--- Input data Enclosed Below ---
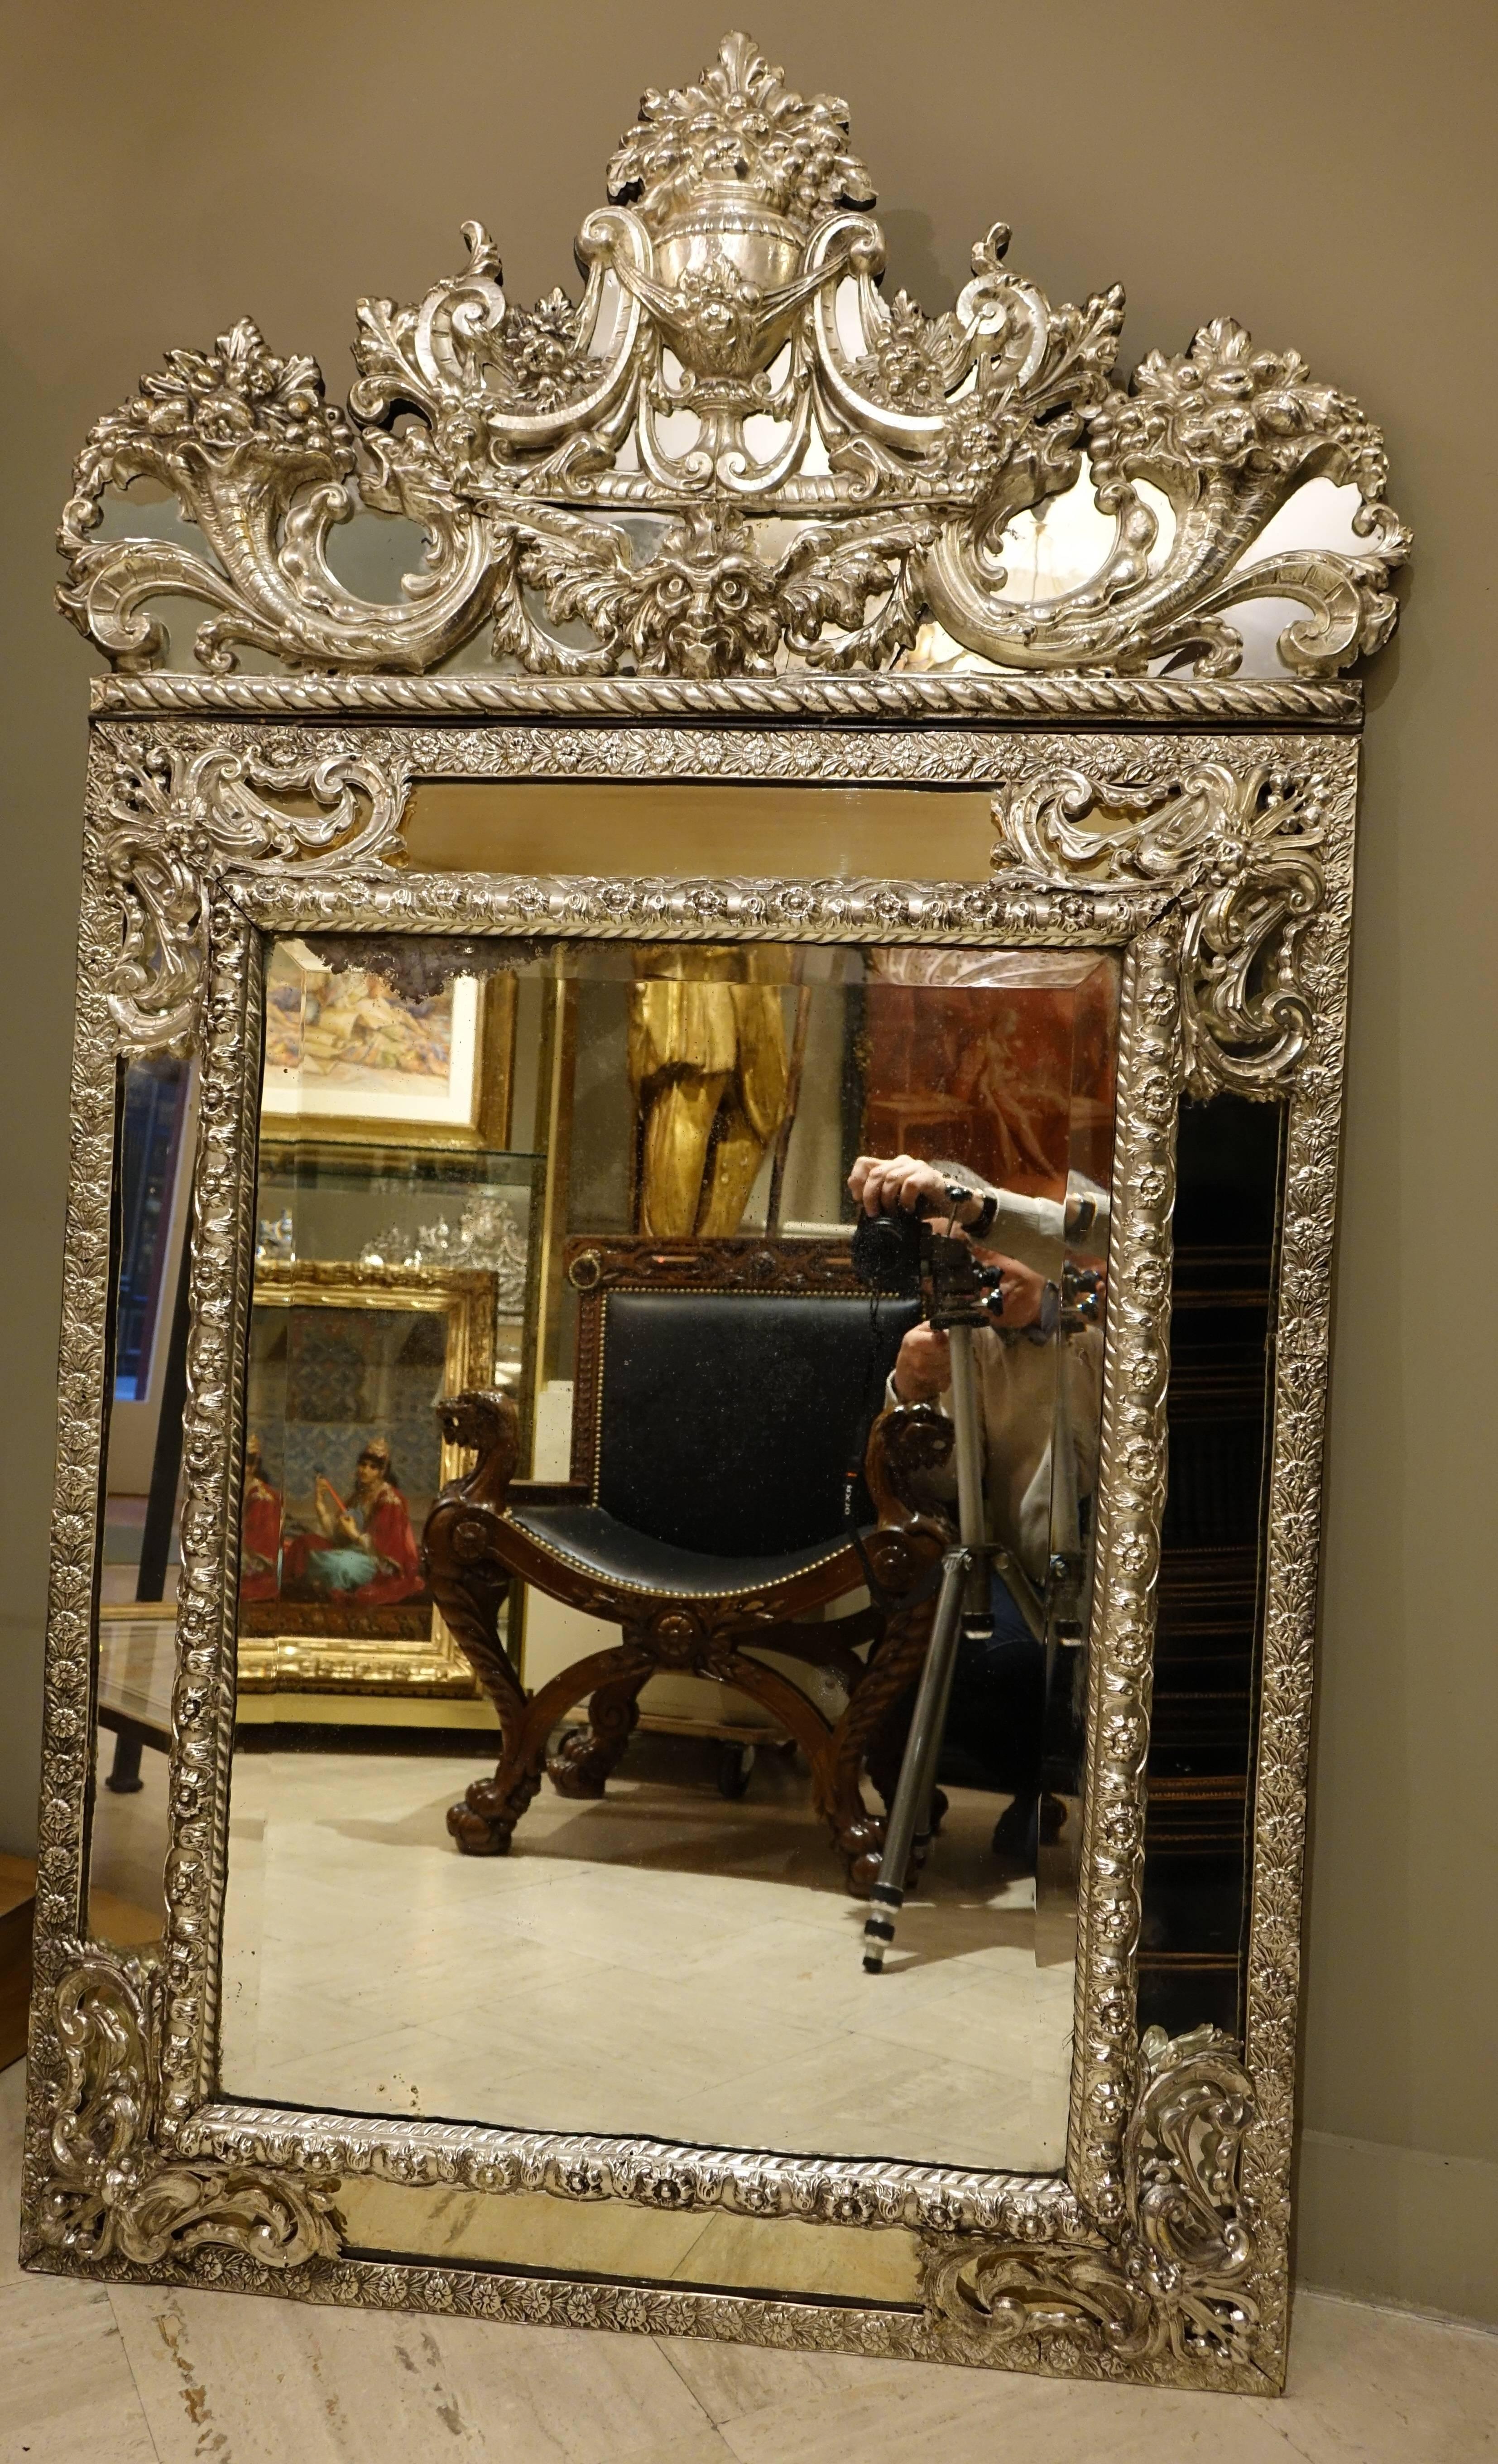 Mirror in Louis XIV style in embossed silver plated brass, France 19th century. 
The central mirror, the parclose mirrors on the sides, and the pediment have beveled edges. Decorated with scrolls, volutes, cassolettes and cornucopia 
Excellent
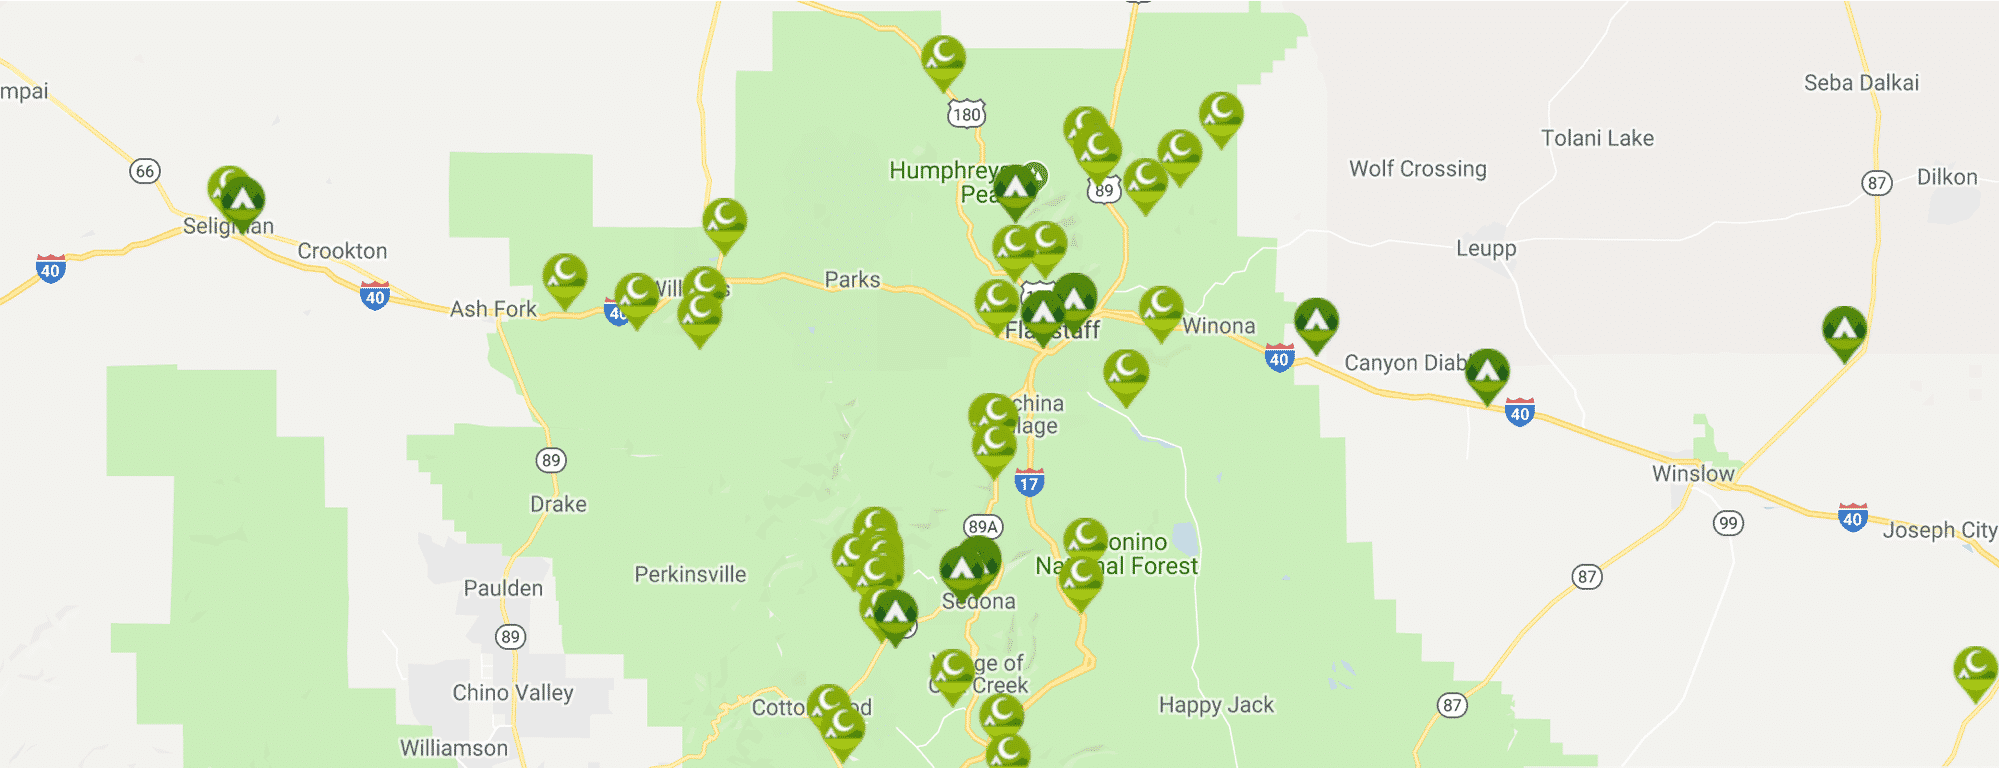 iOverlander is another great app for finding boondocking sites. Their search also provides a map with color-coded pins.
--- End of Enclosed Input data ---
- Instructions for the task -
All of the preceding material should be output verbatim, with the pictures excluded.

- Output -
 Mirror in Louis XIV style in embossed silver plated brass, France 19th century. 
The central mirror, the parclose mirrors on the sides, and the pediment have beveled edges. Decorated with scrolls, volutes, cassolettes and cornucopia 
Excellent
 iOverlander is another great app for finding boondocking sites. Their search also provides a map with color-coded pins.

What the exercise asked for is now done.